Winter exhaled, as if a fear had been released.
Ryu whined and rolled onto his back, missing their attention.
Winter grabbed a stick from the pile and tossed. The wolf scrambled back to his feet and raced after it.
“Your wolf friend,” Winter said. “Is he one of the queen’s?”
“Not anymore,” Scarlet spat. Wolf would never belong to the queen again. Not if she could help it.
“But he was, and now he has betrayed her.” The princess’s tone had gone dreamy, her eyes staring off into space even after Ryu returned and dropped the stick beside his bars, beginning a new pile. “From what I know of her soldiers, that should not be possible. At least, not while they are under the control of their thaumaturge.”
Suddenly warm, Scarlet unzipped her hoodie. It was filthy with dirt and sweat and blood, but wearing it still made her feel connected to Earth and the farm and her grandmother.
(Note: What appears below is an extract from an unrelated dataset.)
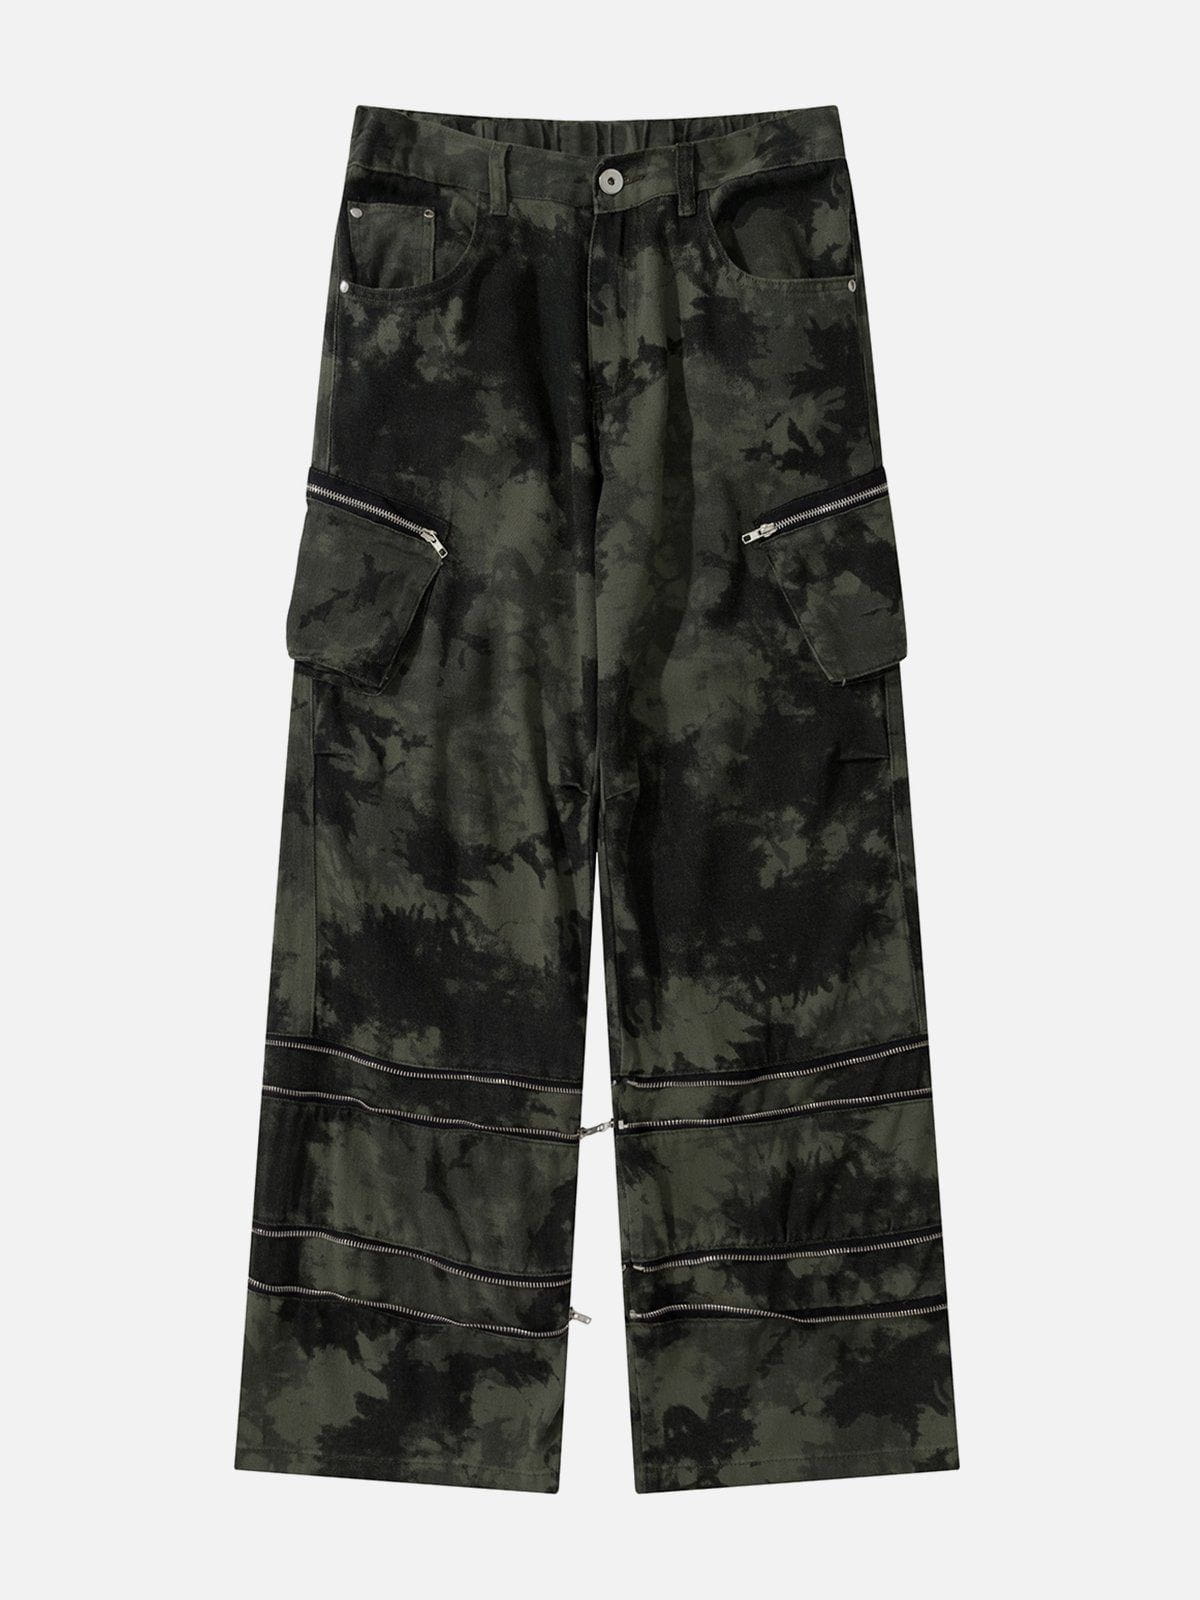 Eprezzy® - Functional Multi-pocket Zipper Design Camouflage Cargo Pants Streetwear Fashion - eprezzy.com

It reminded her that she was human, despite being kept in a cage.
“Wolf’s thaumaturge is dead,” she said, “but Wolf fought against him even when he was alive.”
“Perhaps they made a mistake with him, when they altered his nervous system.”
“It wasn’t a mistake.” Scarlet smirked. “I know, they think they’re so clever, giving soldiers the instincts of wild wolves. The instincts to hunt and kill. But look at Ryu.” The wolf had lain down and was gnawing at the stick. “His instincts lean as much toward playing and loving. If he had a mate and cubs, then his instincts would be to protect them at all costs.” Scarlet twirled the cord of her hoodie around a finger. “That’s what Wolf did. He protected me.”
She grabbed another stick from the pile outside her cage. Ryu’s attention was piqued, but Scarlet only ran her fingers over the peeling bark. “I’m afraid I’ll never see him again.”
Winter reached through the bars and stroked Scarlet’s hair with her knuckles. Scarlet tensed, but didn’t pull away. Contact, any contact, was a gift.